Static Visualizations
# Further visualizations are built on the dataset with NAs excluded
data2 <- na.omit(data1)
# A quick glance at what kind of a distribution it is
a1 <- ggplot(data2, aes(x = population)) +
geom_histogram(fill="darkred") +
labs(y="Frequency", x="Population") +
theme_bw()
# Taking a closer look at the most 'populated' area of the graph
a2 <- ggplot(data2, aes(x = population)) +
geom_histogram(fill="red") +
labs(y="Frequency", x="Population") +
theme_bw() +
xlim(0, 1000000)
ggarrange(a1, a2,
ncol = 2, nrow = 1)| vars | n | mean | sd | median | trimmed | mad | min | max | range | skew | kurtosis | se |
|---|---|---|---|---|---|---|---|---|---|---|---|---|
| 1 | 2688 | 793125.7 | 1010316 | 534129 | 596294.3 | 266661.9 | 100763 | 8473938 | 8373175 | 5.097839 | 30.26807 | 19486.9 |
A quick analysis of the distribution reveals that the values range from 100,763 to 8,473,938, with the mean being equal to 793,125.7. The median (534,129) value is smaller than the latter statistical measure indicating a clear right-skewness of the distribution: there are more observations from lower populated areas. That is also indicated by the positive value of the skew (5.097839). Since the kurtosis is positive, the distribution is leptokurtic (30.26807). Apart from that, the distribution concentrated in the left side of the overall histogram looks surprisingly normal and resembles the bell curve.
# Using the knowledge of the population distribution,
# the data can be divided into three approximately equal groups for the further purposes of data visualization
data2$population <- as.numeric(as.character(data2$population))
data2$populationCH <- rep(NA, length(data2$population))
data2$populationCH[data2$population < 400000] <- "Less than 400k"
data2$populationCH[data2$population > 400000 & data2$population < 650000] <- "400k - 650k"
data2$populationCH[data2$population > 650000] <- "More than 650k +"
data2$populationCH <- as.factor(data2$populationCH)
# Visualization by separate population groups
b1 <- ggplot(data2, aes(x = populationCH, fill = populationCH)) +
geom_bar() +
scale_fill_brewer(palette = "YlOrRd") +
labs(x = "Population group", y = "N", title = "Distribution of population groups") +
theme_bw() +
theme(legend.position = "none")
b2 <- ggplot(data2, aes(x = populationCH, y =..count../sum(..count..)*100, fill = populationCH)) +
geom_bar() +
scale_fill_brewer(palette = "YlOrRd") +
labs(x = "Population group", y = "%", title = "Distribution of population groups") +
theme_bw() +
theme(legend.position = "none") +
stat_count(aes(label=round(..count../sum(..count..)*100, digits = 1)), vjust=0,
geom="text", position="identity")
ggarrange(b1, b2,
ncol = 2, nrow = 1)Ideally, in the full version of the EDA similar static visualizations are to be built for all the studied variables. Such are omitted in the present tutorial.
Dynamic Visualizations
The following section of the tutorial contains various dynamic visualization plots built based the dataset in use with the sole purpose of showcasing how helpful dynamic plots can be in direct comparison to static counterparts when it comes to historic data such as the one studied in the present tutitorial. While the usage of interactive plots
- Can be updated based on actions performed by the user
- Allows to hover over an object, zoom in etc.

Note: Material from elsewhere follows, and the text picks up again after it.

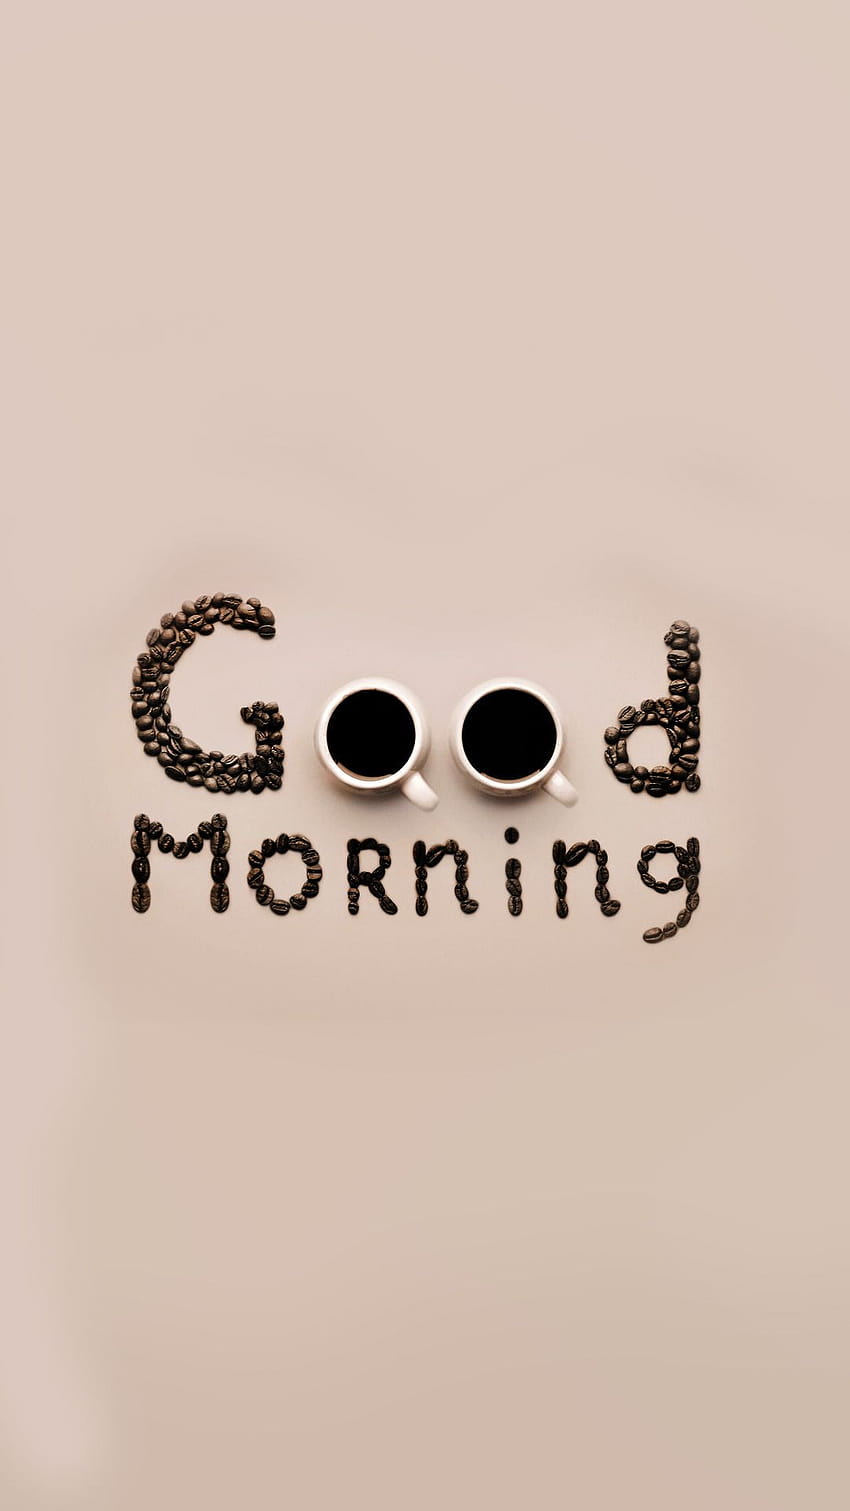 60 Typography iPhone For, good morning iphone HD phone wallpaper

- Increases one’s ability to explore the story the data are telling
The inclusion of dynamic plots in data analysis reports implies that such visualizations do not require user input once the code to generate the graphics is written and change automatically.
Note that for all the graphs below markers contain information on the jurisdiction area that the data point belongs to. The rest of the variables used in the graph generation is indicated on the axis accordingly.
Visualizations showcased in what follows could be potentially used to report on the fluctuation of various crime-related trends through studied years and presented in a rather easy-to-understand visial way to various stakeholder parties.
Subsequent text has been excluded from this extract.